Willie, a very nice gentleman with a Caribbean accent so thick I couldn’t tell if he was asking if I wanted another phone line or a nickel bag of ganja, seemed perplexed by the set-up I had requested, which was working services.

Okay, I had ordered three phone lines which maybe is a little unusual, but it’s what I had in Westchester. Willie, however, told me he was unable to do this, but proudly explained that he had jerry-rigged my fax line through the Internet or some such thing. Or maybe he said he was going to do the limbo. I really couldn’t tell.

Then he began connecting the living room TV, the part of the installation that I would think the cable TV company would be best at. Although there was a jack right behind where we had positioned the television, Willie insisted that it was a dead jack and he had to use a jack across the room, and asked if I would mind moving the TV over there. When I refused, he asked me how he was supposed to get the cable across the room to where we had so inconsiderably put the television. I then offered two suggestions (I had a third one, but I kept it to myself): first, that he could try to revive the dead jack, possibly with CPR. Failing in that, perhaps he could run the cable from across the room up and over a doorway and down a wall, to which he replied that he only had black staples with which to attach the cable to the wall. I asked him if he did a lot of installations where the people had black walls, and he replied that he would like a Red Stripe. Or maybe he said something else.
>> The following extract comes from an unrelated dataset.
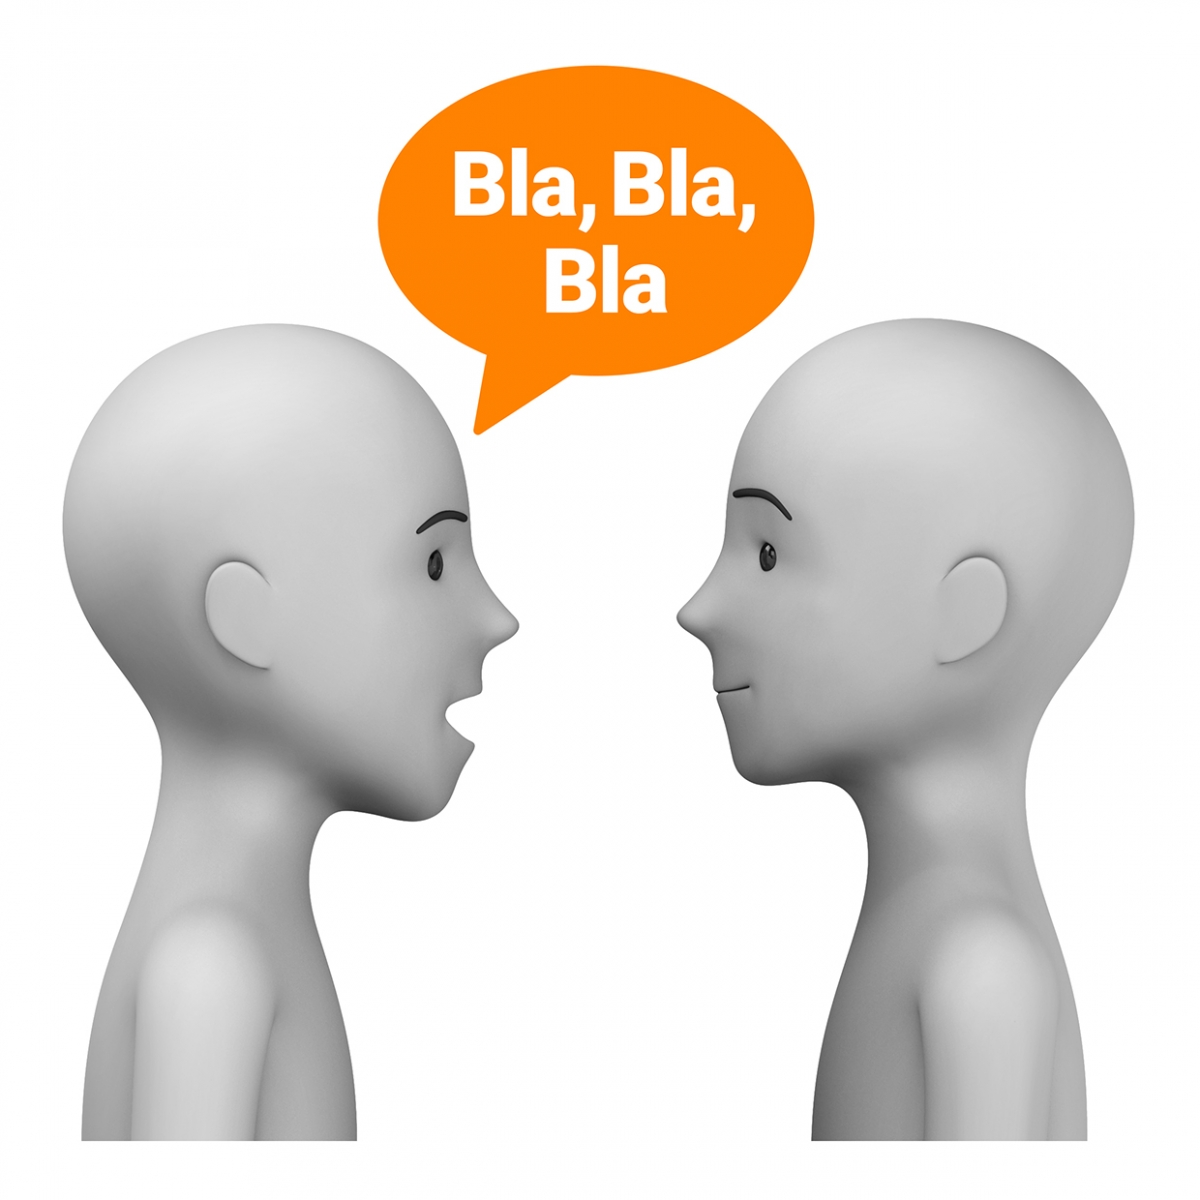 Imagen en la que se ve a dos personas hablando entre si

So we ended up with a cable going across the livingroom under the rug, so that it looked like there was a very thin snake living there. He then hooked up the other TVs, and turned them on triumphantly, and they didn’t work.

Willie claimed this had something to do with the wrong code on the boxes that you had told me to bring with me from Westchester, so he called his dispatcher, who kept him on hold for one and half hours, during which time Willie roamed my house aimlessly.

Finally he said that he’d be able to program the box remotely once he got the codes, and then he connected the Internet, which then also did not work.

Willie told me that there was a system-wide outage, which was also why he had been on hold for so long, and the Internet would come back when the system did. At least I think that’s what he said. And then he left…three hours after he had arrived.

Of course, the Internet never got going, and the cable box never got coded, so I called your people and complained about the incompetent installation, and they said they’d get someone out between 8 and 11 the next day, and at 4:45 the doorbell rang and it was Willie!

Yes, that’s right. You sent the same incompetent installer to fix his own incompetent installation (and also to bring the remote controls he had neglected to leave the day before).

Remarkably, however, Willie managed to get the TVs working (albeit, without the promised multi-room DVR) and get us online. We still had the snake under our carpet, but at least we could watch TV and my wife and daughter could change their Facebook statuses or whatever the heck they do on Facebook all the time.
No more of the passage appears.